Regulation of Myometrial Phospholipase C System and Uterine Contraction by ß-Adrenergic Receptors in Midpregnant Rat

Sakina Mhaouty-Kodja1,2, Eric Houdeau3, and Chantal Legrand2

Laboratoire de Physiologie et Physiopathologie,2 UMR-CNRS 7079, 75252 Paris CEDEX 05, France Unité de Neuro-Gastroentérologie et Nutrition,3 INRA, 31931 Toulouse CEDEX 09, France

We investigated whether ß-adrenergic receptors (ß-AR) regulate the phospholipase C (PLC) system in midpregnant rat myometrium. PLCß isoforms were characterized, and the effect of isoproterenol (ß-adrenergic agonist) was tested on myometrial inositol phosphate (InsP) production and uterine contraction. Using specific antibodies, we showed that rat myometrium expresses PLCß1, PLCß3, and PLCß4, and to a lesser degree PLCß2. Quantitative analysis revealed that PLCß isoforms are differentially expressed during pregnancy. Indeed, the amount of PLCß4 is increased at midpregnancy, whereas PLCß1, PLCß2, and PLCß3 are up-regulated at term. At midpregnancy, pretreatment of myometrial strips with isoproterenol significantly reduced basal and agonist-stimulated InsP production.
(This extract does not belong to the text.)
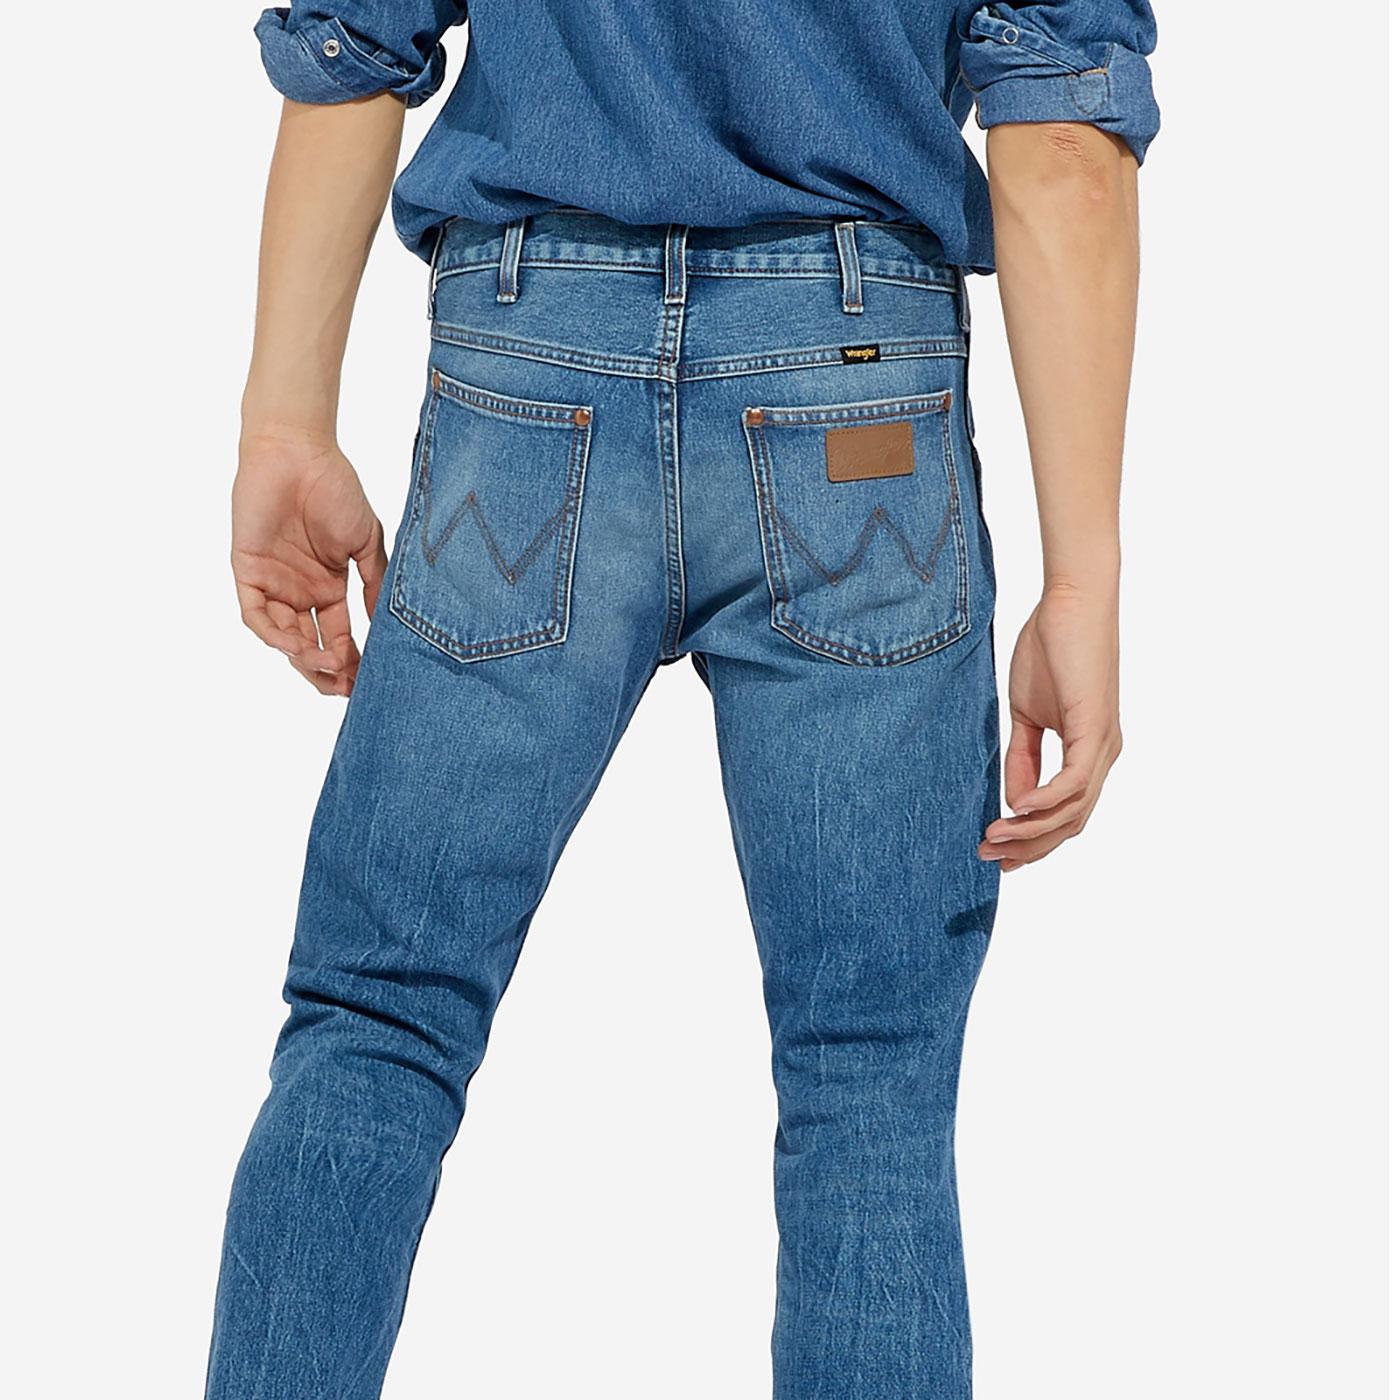 wrangler 11mwz jeans

Forskolin, a diterpene that increases cAMP accumulation by directly activating adenylyl cyclases, had no effect on InsP production. In contrast, two global potassium (K+) channel inhibitors, tetraethylammonium (TEA) and 4-aminopyridine (4-AP), prevented attenuation of InsP production by isoproterenol. Isoproterenol also significantly decreased spontaneous and agonist-induced contraction of the longitudinal layer of midpregnant rat myometrium. Preincubation of uterine strips with TEA plus 4-AP prior to ß-AR activation blocked only partial uterine relaxation, whereas Forskolin was as potent as isoproterenol. This indicates that ß-AR operate through both K+ channels and cAMP to induce uterine relaxation. In conclusion, we show for the first time that three myometrial PLCß isoforms (PLCß1, PLCß2, and PLCß3) are down-regulated at midpregnancy. At this period, ß-AR reduce basal and agonist-stimulated InsP production through activation of K+ channels. Altogether, these mechanisms could act to decrease responsiveness of the longitudinal layer of myometrium to contractant factors.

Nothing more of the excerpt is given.